Task:
From the first line to the last, retype everything below exactly, minus the pictures.

Data below Block Start

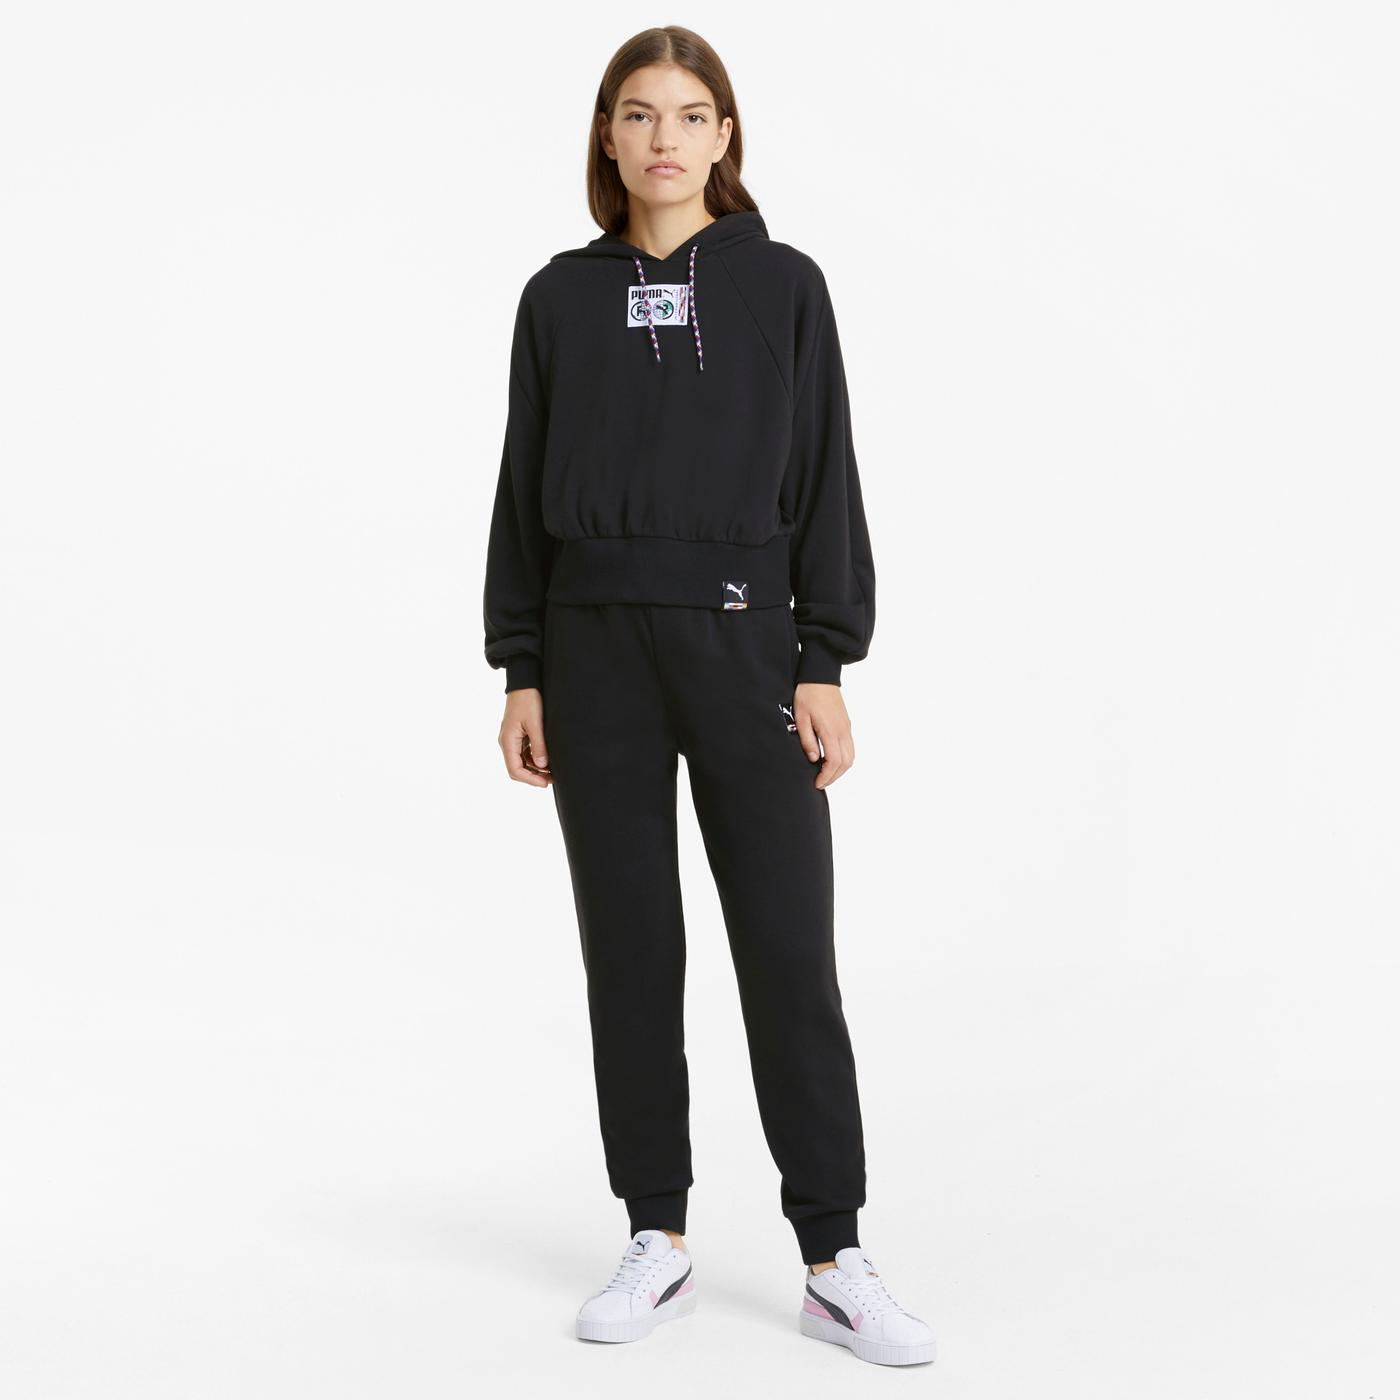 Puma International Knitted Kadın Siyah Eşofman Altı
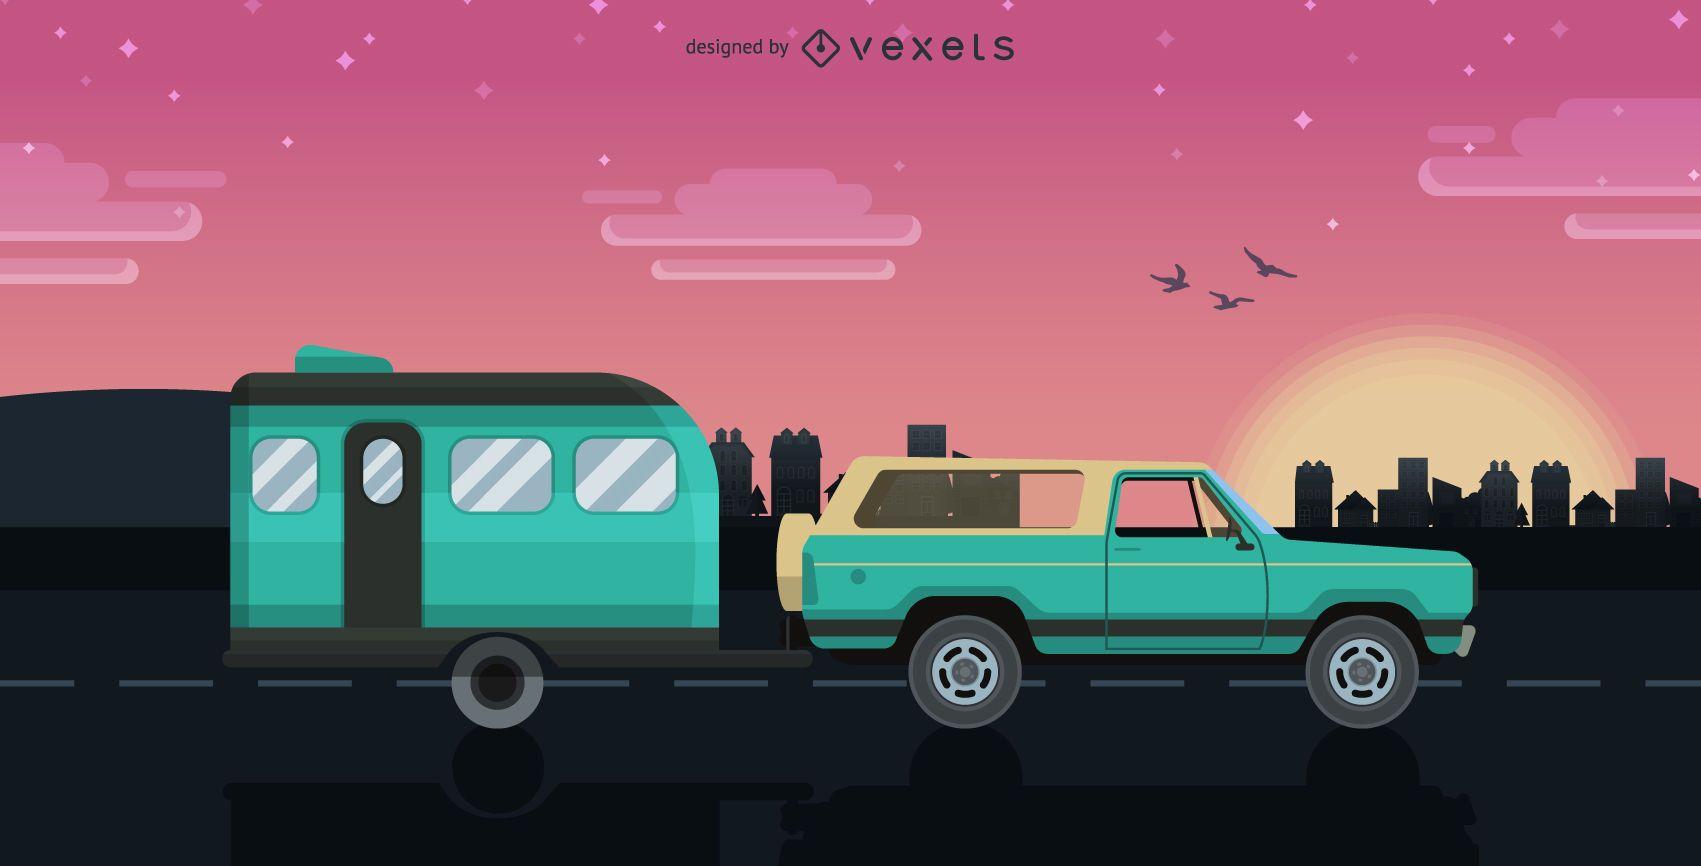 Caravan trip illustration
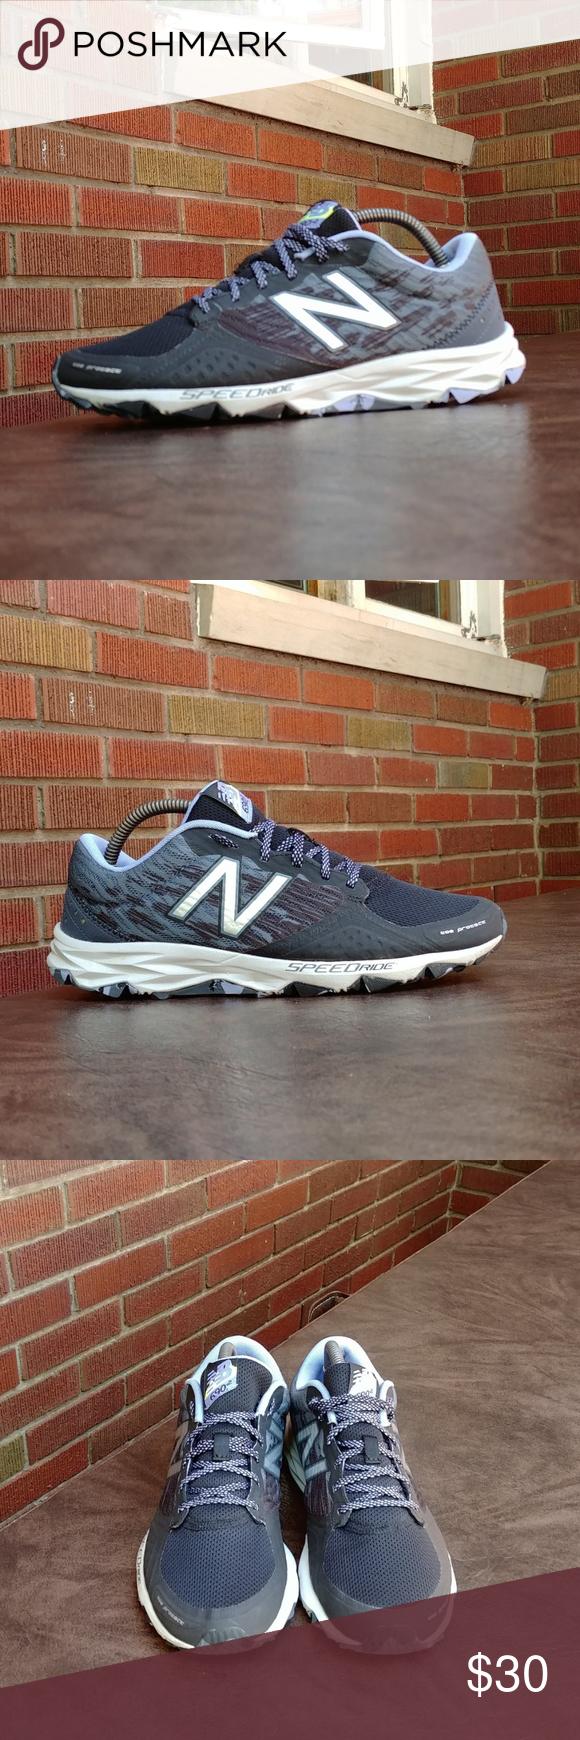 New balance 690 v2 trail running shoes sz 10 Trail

Data below Block End

Written answer:
 Puma International Knitted Kadın Siyah Eşofman Altı
 Caravan trip illustration
 New balance 690 v2 trail running shoes sz 10 Trail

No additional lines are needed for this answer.